Rob Bowman, The Last Soul Company: The Malaco Records Story

Generous in its photography and its scope, this overview of Malaco Records explains how a pioneering independent label founded in 1962 brought a wealth of African American music to the world via artists like Mississippi Fred McDowell, Bobby Blue Bland, Z.Z. Hill, Johnnie Taylor, Little Milton, and James Cleveland.


Brandi Carlile, Broken Horses

This memoir satisfies the longtime fans who will learn what inspired the songs from her early albums, yet it’s also a candid and conversational statement about what it’s like to be a queer woman in roots music today.

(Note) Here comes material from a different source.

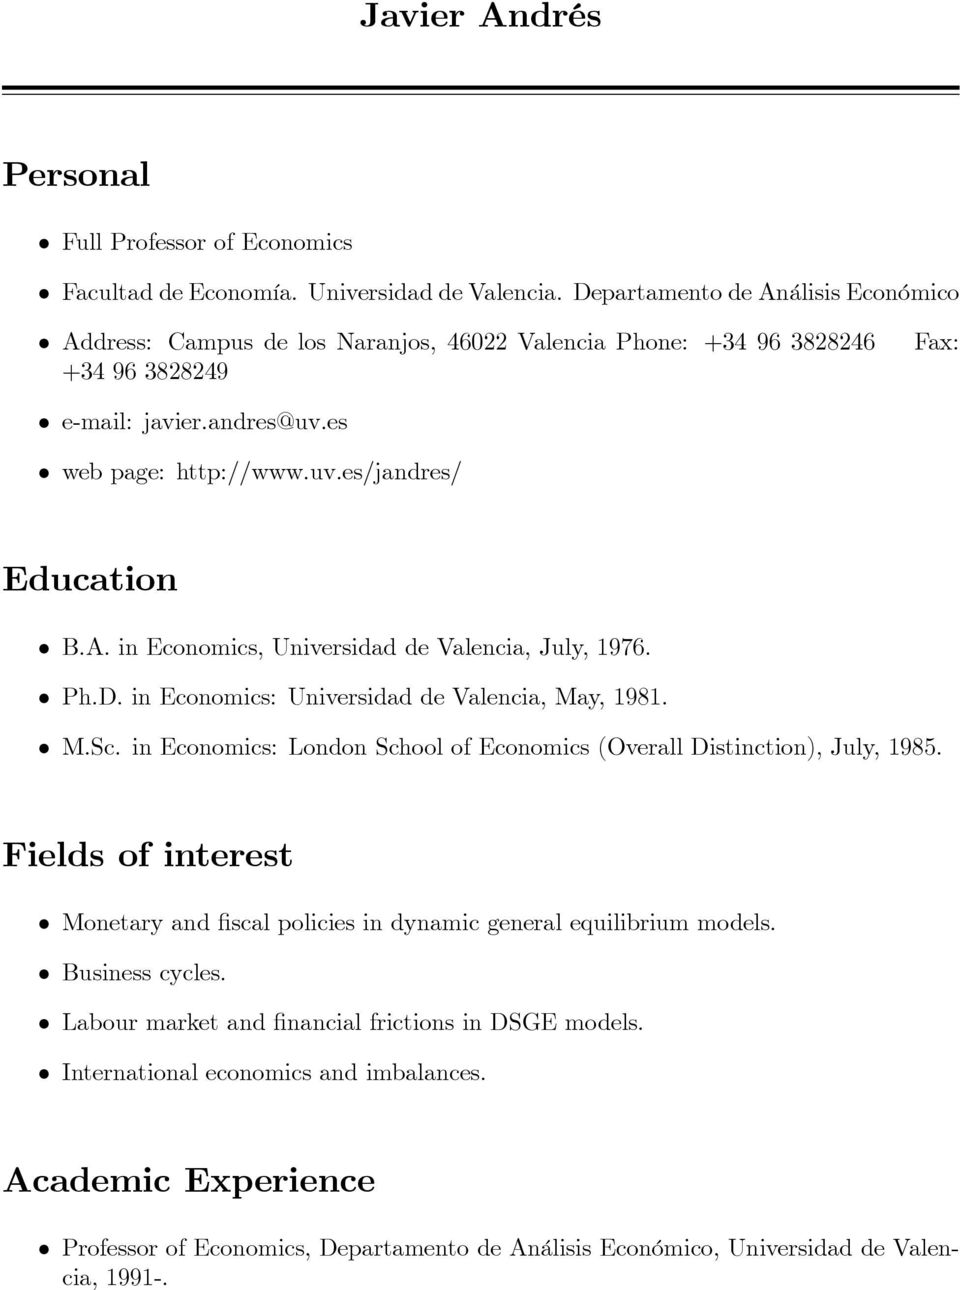 A. in Economics, Universidad de Valencia, July, 1976. Ph.D. in Economics: Universidad de Valencia, May, 1981. M.Sc. in Economics: London School of Economics (Overall Distinction), July, 1985.

The cast of characters is charming, too, particularly her exchanges with Elton John and Joni Mitchell.


Brent Cobb, Little Stuff

Country tunesmith Brent Cobb has said he writes every album with his kids in mind, so transforming the song “Little Stuff” into a children’s book came naturally. But how many children’s books get their own music video? Whether you read it or watch it, the Georgia musician’s homespun wisdom shines through.


Robert Owen Gardner, The Portable Community: Place and Displacement in Bluegrass Festival Life

This scholarly look at bluegrass festival culture in the American West comes from sociology professor Robert Owen Gardner. It’s also an examination of how arts and music grapple with social and environmental change. A digital version of the academic textbook allows more room in the backpack for sunscreen and guitar strings.


Mary Gauthier, Saved by a Song: The Art and Healing Power of Songwriting

More of a memoir than an instruction manual, Mary Gauthier tells the stories behind original songs like “Mercy Now” while leaving the mystical and magical aura of writing them intact. By sharing her intimate conversations and co-writing experiences, she offers both a creative and compassionate point of view.


Howard Grimes with Preston Lauterbach, Timekeeper

Known as Bulldog, Memphis drummer Howard Grimes has propelled R&B classics like Al Green’s “Let’s Stay Together” and Ann Peebles’ “I Can’t Stand the Rain.” In this autobiography, he also explains how he wound up homeless for a time and how he’s been guided by the Bible. Fans of Stax and Hi Records won’t want to miss this one.


Chris Hillman, Time Between: My Life as a Byrd, Burrito Brother, and Beyond

You can’t tell the story of country rock without Chris Hillman. Time Between entered its second printing earlier this year, proving there’s still a curiosity about near-mythical bands like The Byrds and the Flying Burrito Brothers. Start at page one and turn, turn, turn to the get the whole story from this prolific Rock and Roll Hall of Famer.


Johnnyswim, Home Sweet Road: Finding Love, Making Music & Building a Life One City at a Time.

The ever-endearing Johnnyswim found an even larger following when Chip and Joanna Gaines chose the duo’s anthem “Home” as the theme to Fixer Upper. Now, Amanda Sudano-Ramirez and Abner Ramirez give fans a deep dive into their own family life with Home Sweet Road, their debut book brimming with photos, recipes, stories, and poetry.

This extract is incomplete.